Once again it would appear that a Pubwatch ban on an unwanted customer is being taken to court.
This time, a High Court judge has held in a preliminary hearing that there is a case to argue, which is different from last time, when Buckingham Pubwatch's actions were held by two courts to be not liable to judicial review.
It is important for readers to recognise that there are separate issues here. There is absolutely no doubt, as the courts themselves have recognised, that an individual licensee has the right to ban anyone, even without giving a reason. The simple fact is that if he does not want to do business with someone, he is not compelled by law to do so. A public house, in spite of its name, is not a place where the public in general have some "special rights" to demand service. In fact, if I marched into a pub and demanded service, I would probably be shown the door!

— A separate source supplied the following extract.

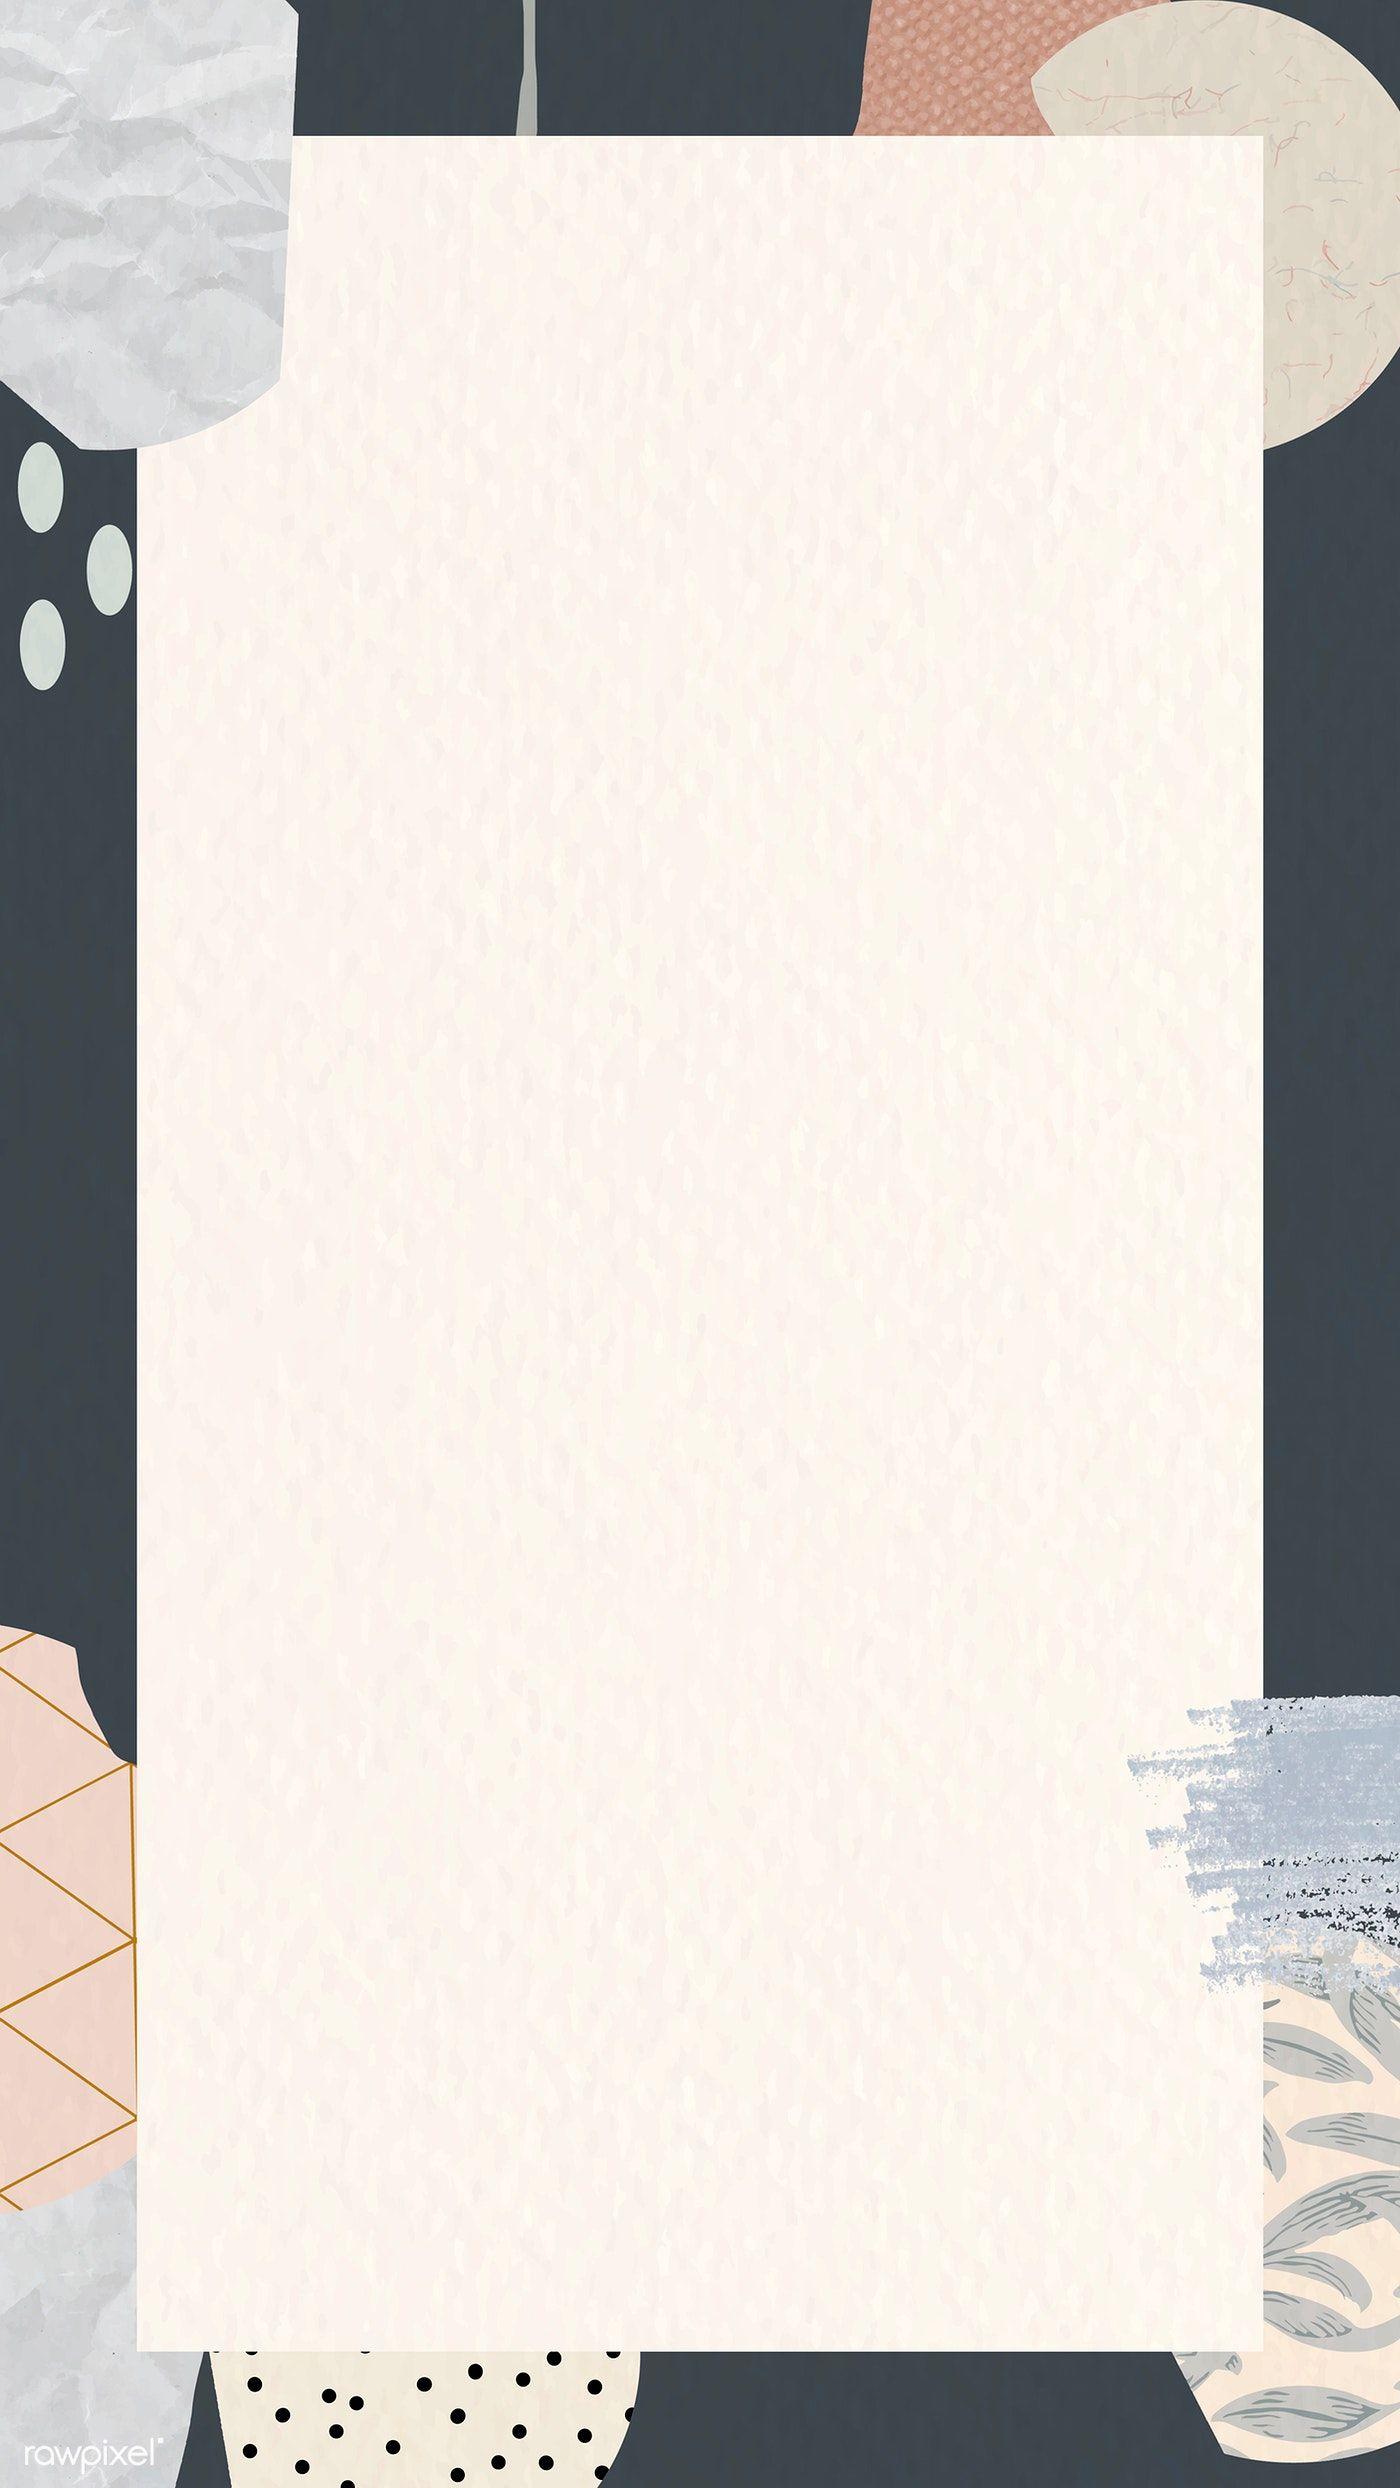 Download premium vector of Terrazzo patterned mobile phone wallpaper

Problems arise when there is joint action by a number of people to take a decision against someone. The allegations are second-hand, may not necessarily be backed up by facts, and the group usually only hears one side of the story. It is, in some lights, a kind of "kangaroo court" where the normal principles of English law do not come into play.
But then again, why should they? Nobody is suggesting that Pubwatch schemes have to be run like magistrates' courts or tribunals. Their principal objective, it seems to me, is to try and cut down on violence, disorder and criminal behaviour in their pubs. This is an outcome that surely even the police and the local community would welcome. If they take steps to ban troublemakers, then they are doing a public service to their thousands of customers who want to enjoy their pint in peace and quiet.

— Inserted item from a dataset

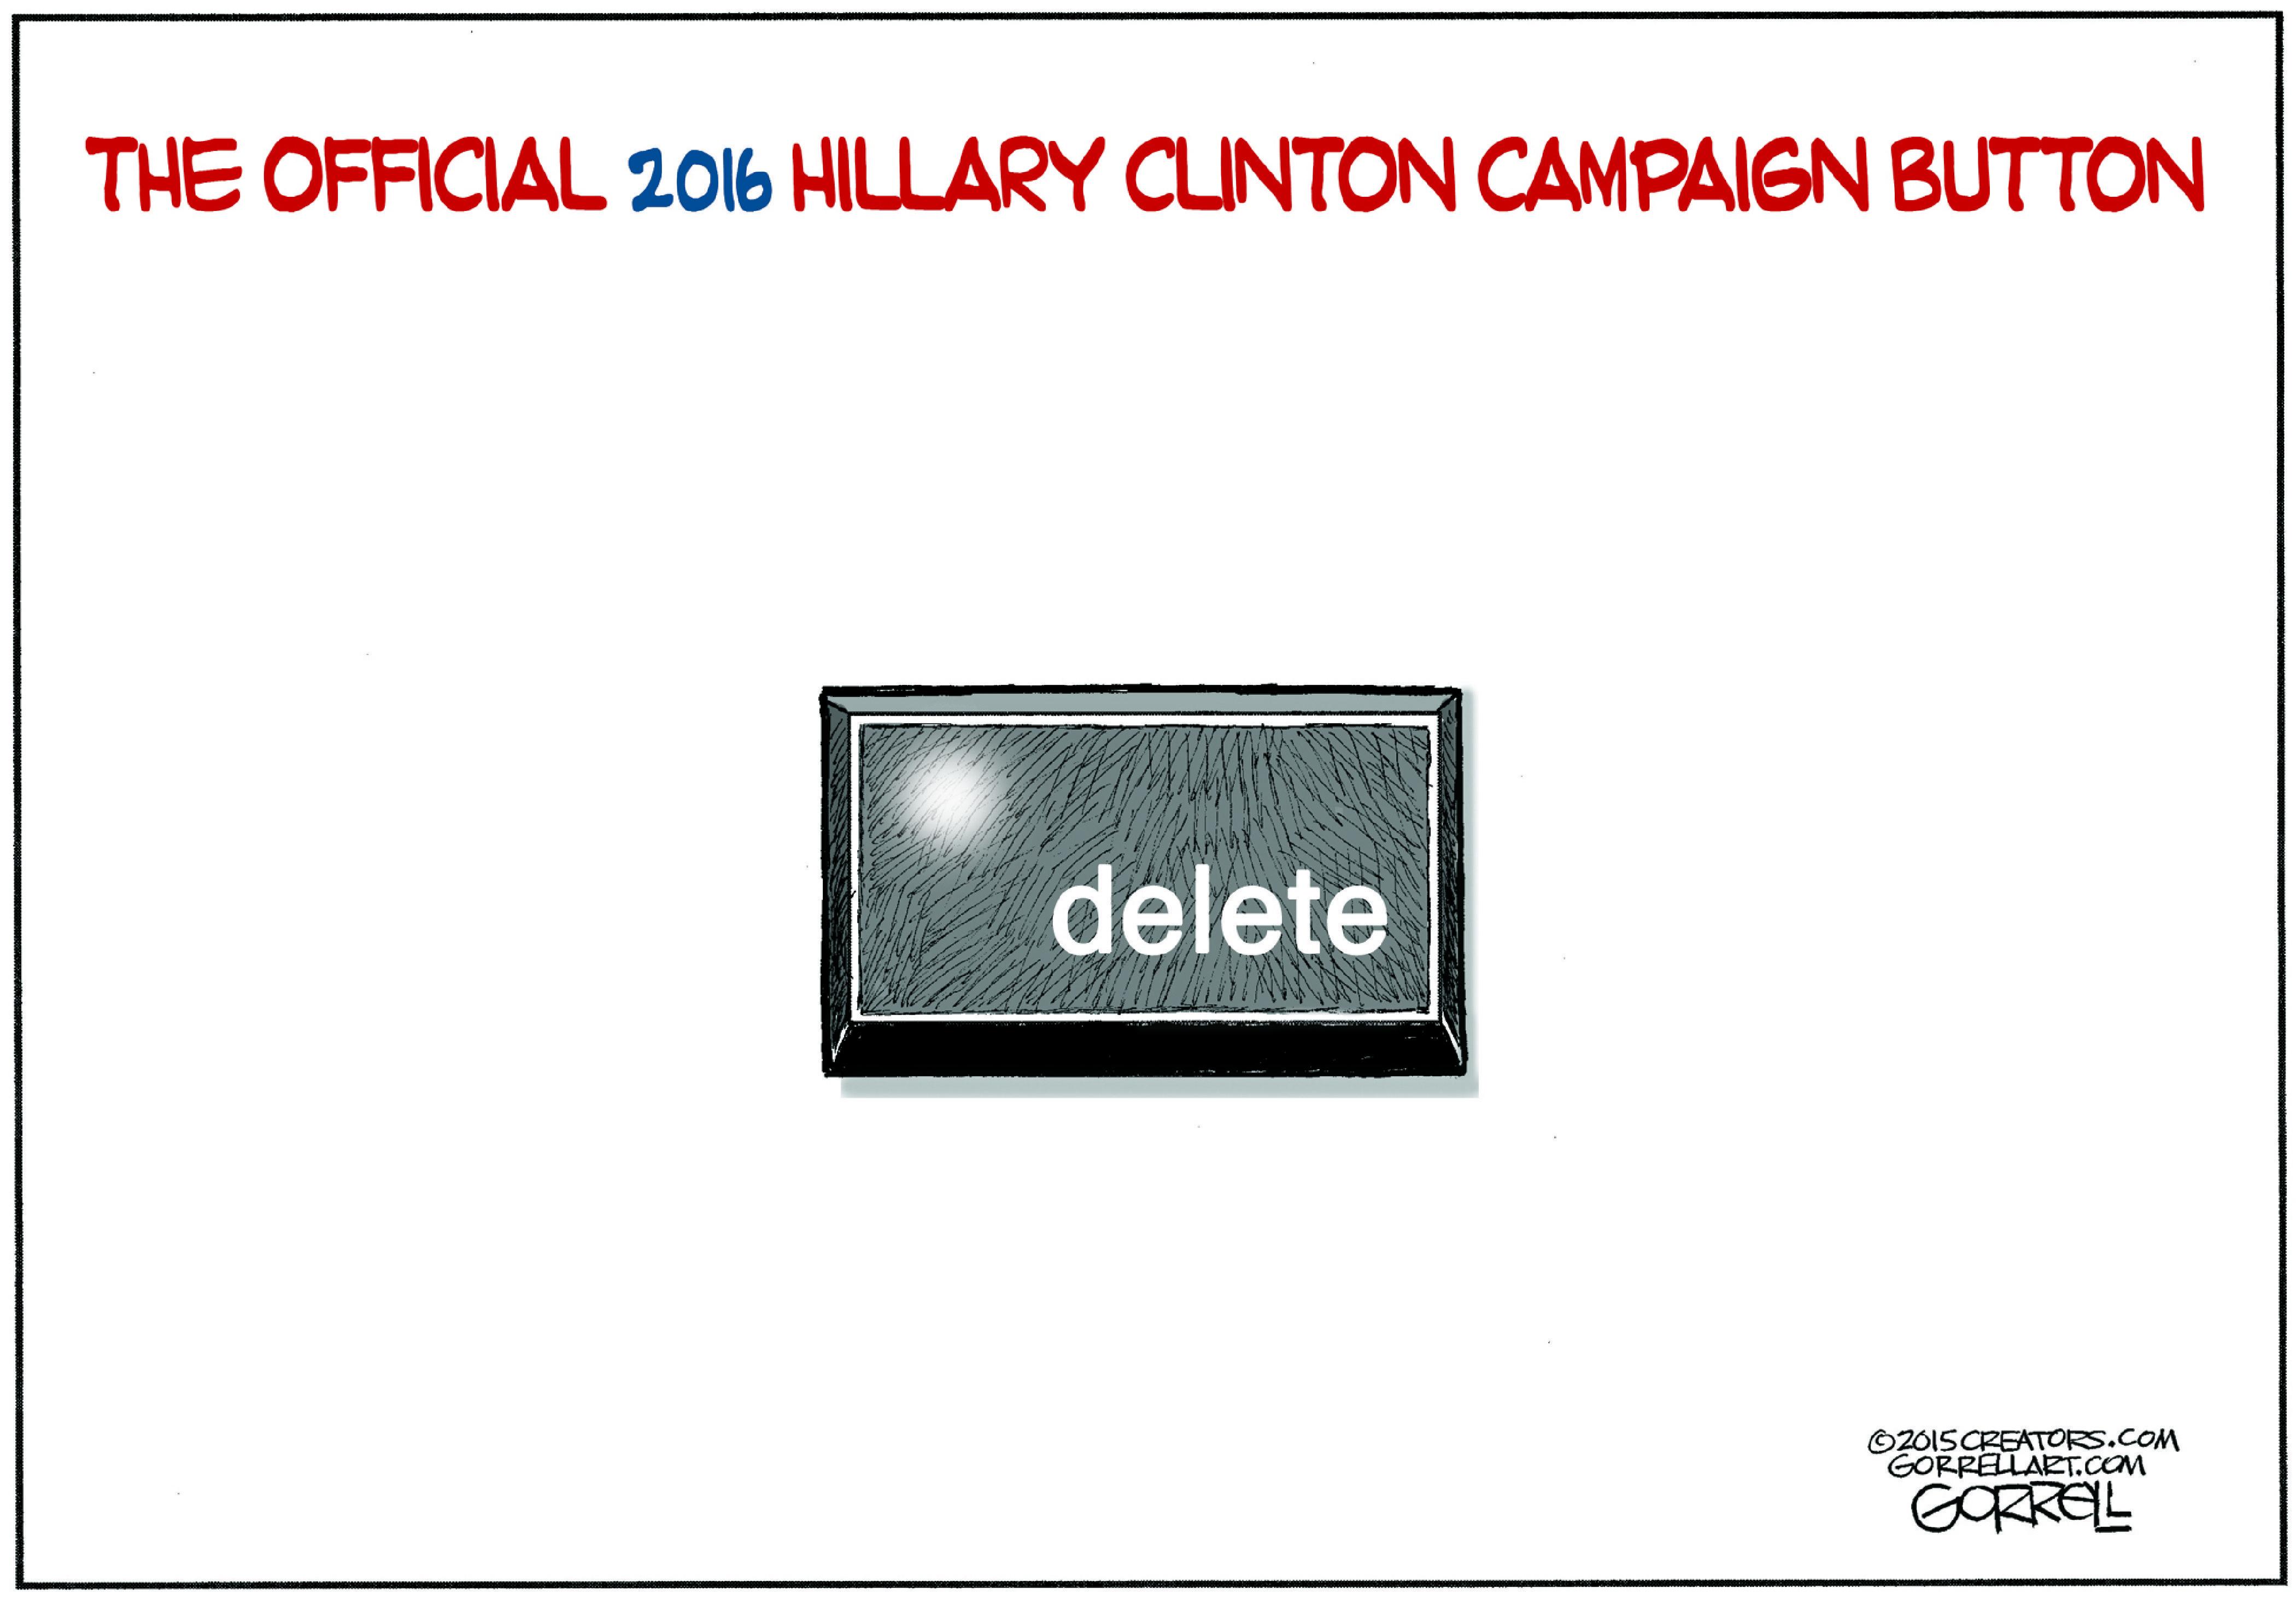 Hillary Clinton's Campaign Button

From this you will gather that I do not have too much time for the "infringement of human rights" argument in this context. I accept entirely that the Human Rights Act has an important part to play in ensuring that people are treated fairly. But it also plays in some instances too much of a part as a back-stop for lawyers who cannot think of anything else to argue.
To suggest that this particular Pubwatch acted "illegally and irrationally", as the lawyers are apparently claiming,
and that there were "procedural irregularities" all smacks of the arguments used against judicial or quasi-judicial bodies, whose actions are liable to scrutiny by the higher courts. But this is a volunteer group of pub licensees each of whom could ban at will anyone they wanted to, quite legally. They do not, it seems to me, have to act like a court themselves - quite the opposite. An informal ban would probably be a lot better than a formal one, which risks this kind of action.
What I hope happens is not just that this case is thrown out, but that the judges give a clear indication of the manner in which such bans may continue to be imposed without an ongoing fear of legal action. The main objective, which clearly the current Government shares, is that pubs should not be seen as a breeding ground for crime, disorder and drunkenness. It seems something of a paradox that an initiative from the trade seeking to support and implement that policy should be attacked by the legal profession.
This is why I still urge the Home Office to retain the "Ban the Thugs Act" provisions, which they seem hell-bent on removing from the statute book. It gives those many decent licensees a legal weapon to use against violent and unruly individuals who jeopardise their livelihood.